12. What is the purpose of the SYSCALL macro?

    The SYSCALL macro takes two parameters, which are the symbol and syscall number.
    The purpose of the macro is to determine and execute the appropriate system call based on the system call number,
    resulting in assigning the syscall code to the register $v0 as SYS_##sym. sym will be replaced
    by the chosen syscall (from the code) such as reboot, mmap, or any of the other known syscall symbols.
    This macro can be found at userland/lib/libc/arch/mips/syscalls-mips.S.

13. What is the MIPS instruction that actually triggers a system call?
    (Answer this by reading the source in this directory, not looking somewhere else.)

    The function syscall() is called in context of the mips_trap() function, which is initiated by the MIPS instruction jal mips_trap.
    This call can be found at kern/arch/mips/locore/exception-mips1.S.

14. After reading syscalls-mips.S and syscall.c, you should be prepared to answer the following question:
    OS/161 supports 64-bit values; lseek() takes and returns a 64-bit offset value.
    Thus, lseek() takes a 32-bit file handle (arg0), a 64-bit offset (arg1), a 32-bit whence (arg2),
    and needs to return a 64-bit offset value.
    In void syscall(struct trapframe *tf) where will you find each of the three arguments (in which registers)
    and how will you return the 64-bit offset?

    A 32-bit file handle (arg0) can be retrieved from the tf->tf_a0 register.
    
    For a 64-bit offset (arg1), it is split into two parts, with the higher 32 bits in tf->tf_a2 and the lower 32 bits in tf->tf_a3.
    This is due to 64-bit arguments being passed in aligned pairs of registers.

    A 32-bit whence (arg2) is situated at the stack position tf->tf_sp+16, and it can be obtained by invoking copyin().

    The 64-bit offset is returned in the v0 and v1 registers, following the typical function call convention.

    For reference, syscalls-mips.S can be found at userland/lib/libc/arch/mips/syscalls-mips.S
    and syscall.c can be found at kern/arch/mips/syscalls.c

15. As you were reading the code in runprogram.c and loadelf.c, you probably noticed how the kernel manipulates the files.
    Which kernel function is called to open a file?
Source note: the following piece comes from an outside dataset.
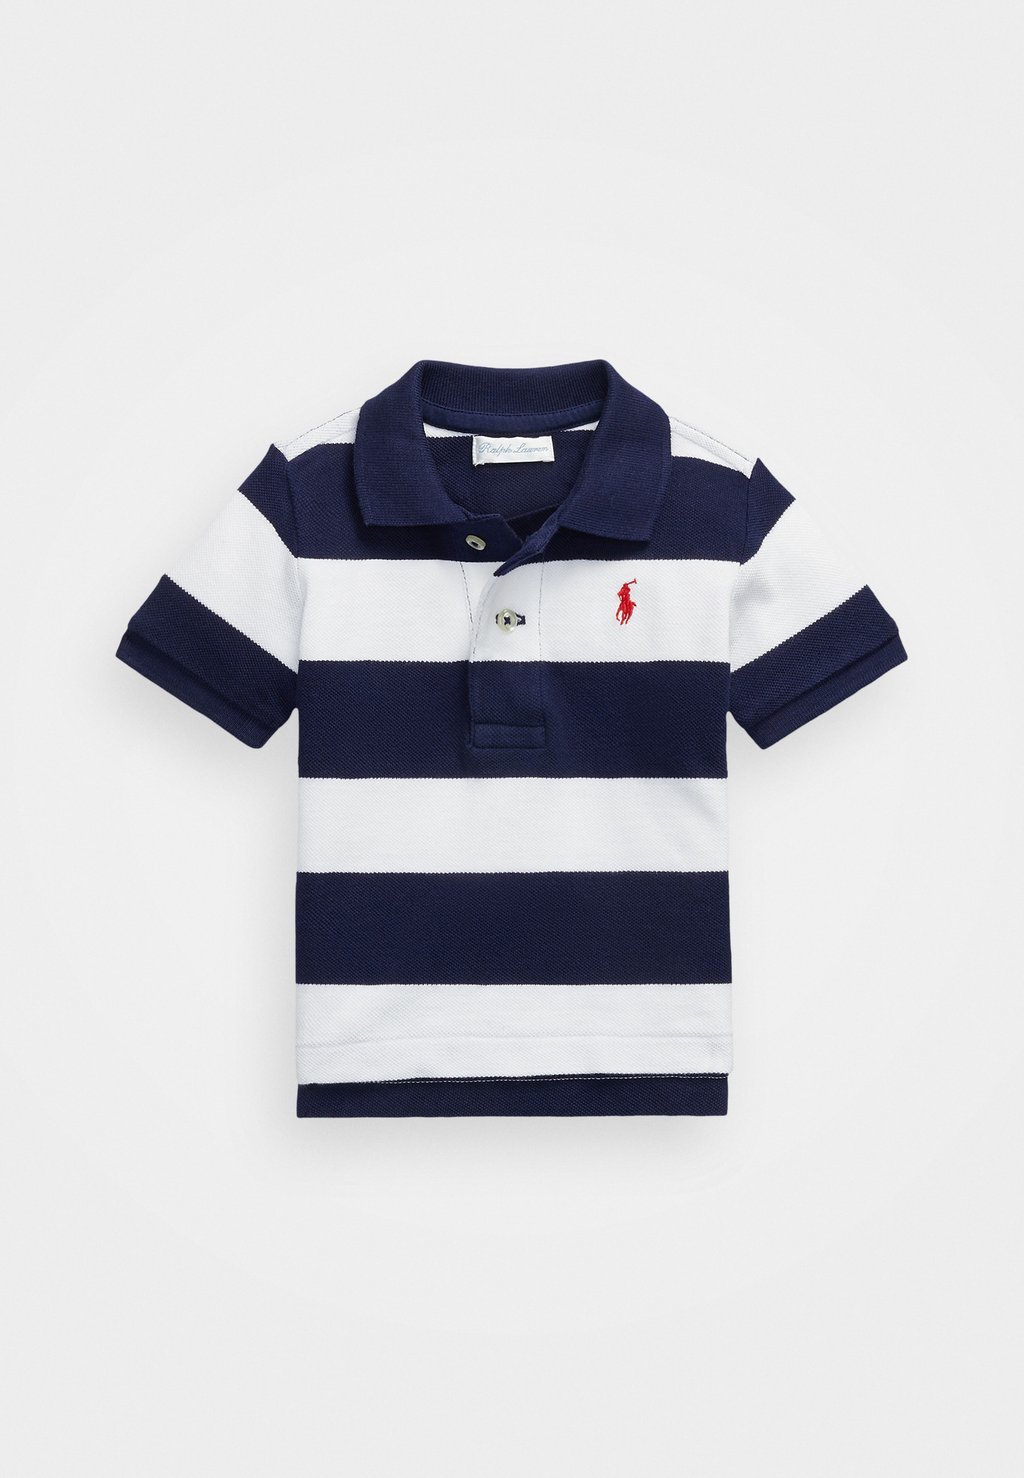 Рубашка-поло BABY Polo Ralph Lauren, цвет newport navy/white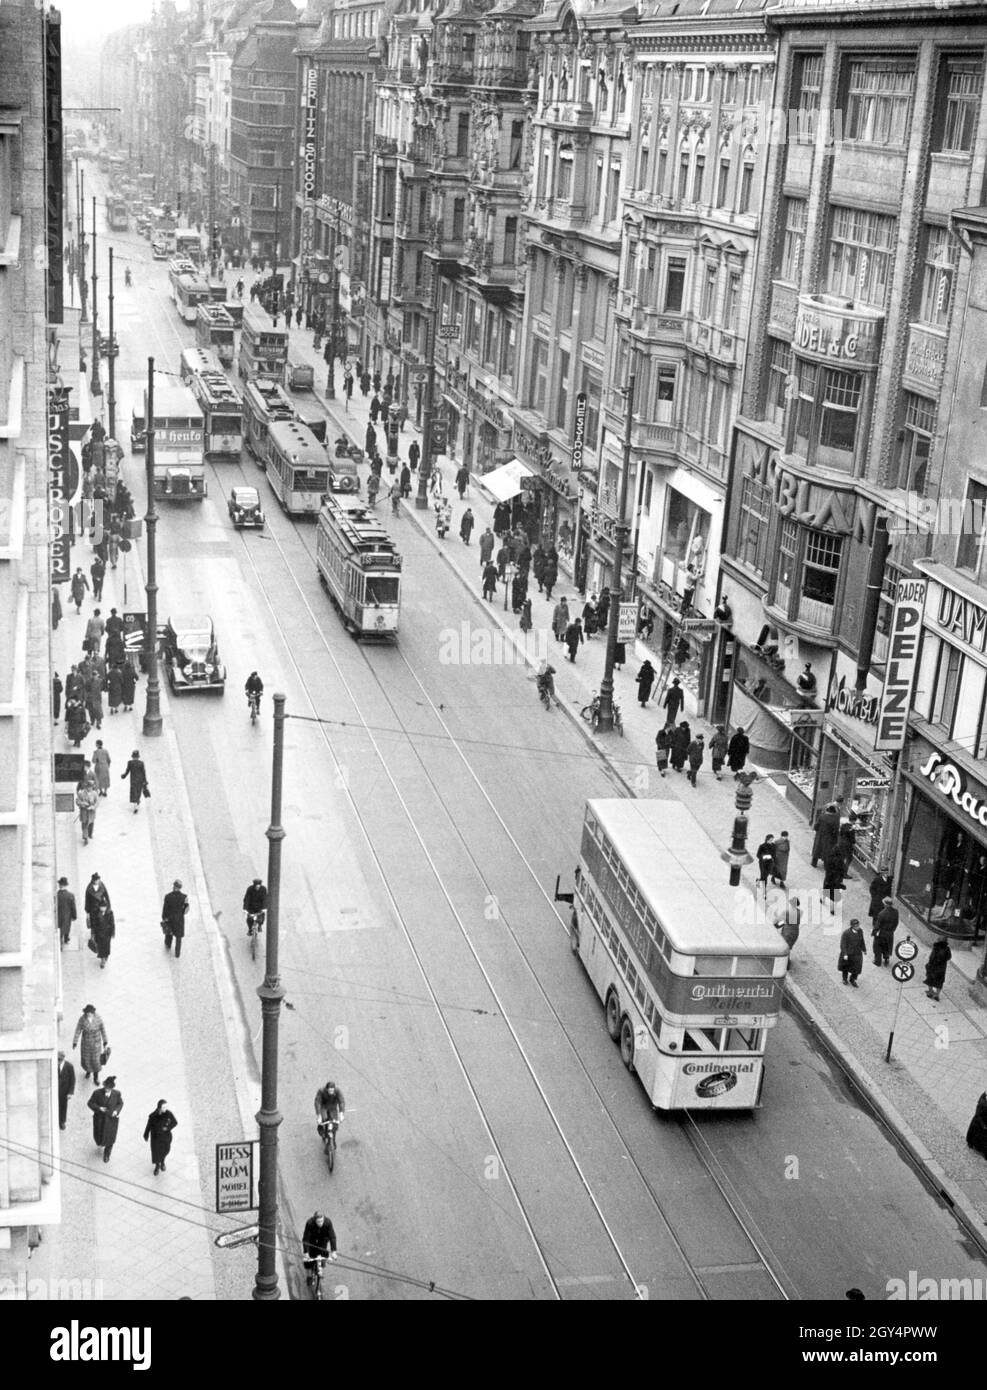 „Busse und Straßenbahnen fahren am 25. Januar 1938 auf der Leipziger Straße in Berlin-Mitte. Der Frontbus wirbt mit „Continental Tyres“. Der Blick geht von der Friedrichstraße in Richtung Mauerstraße und Leipziger Platz. Die Straße ist mit Geschäften gesäumt, darunter ''S. Rader Pelze'', ''Montblanc'', ''Hess und Rom Möbel'', eine Parfümerie, ''Herz Röcke'', eine ''Berlitz School'' (rechte Straßenseite) und ein ''J. Schröder'' Shop neben dem Hotel Kempinski (links von der Straße). [Automatisierte Übersetzung]' Stockfoto

Which macro is called to read the file? What about to write a file?
    Which data structure is used in the kernel to represent an open file?

    In the process of opening, reading, and writing files, at the kernel level:
        To open a file, the function vfs_open() in kern/vfs/vfspath.c is invoked.
        For reading the file, VOP_READ(vn, uio) is utilized, found at kern/include/vnode.h.
        When writing to the file, VOP_WRITE(vn, uio) is utilized.
        Within the kernel, an open file is represented using a structure called struct vnode.

16. What is the purpose of VOP_INCREF and VOP_DECREF?

    VOP_INCREF and VOP_DECREF are responsible for increasing and decreasing the reference count of a vnode,
    specifically the vn_refcount. The reference count is a mechanism used to manage the number of references to a file.
    They can be found in kern/include/vnode.h.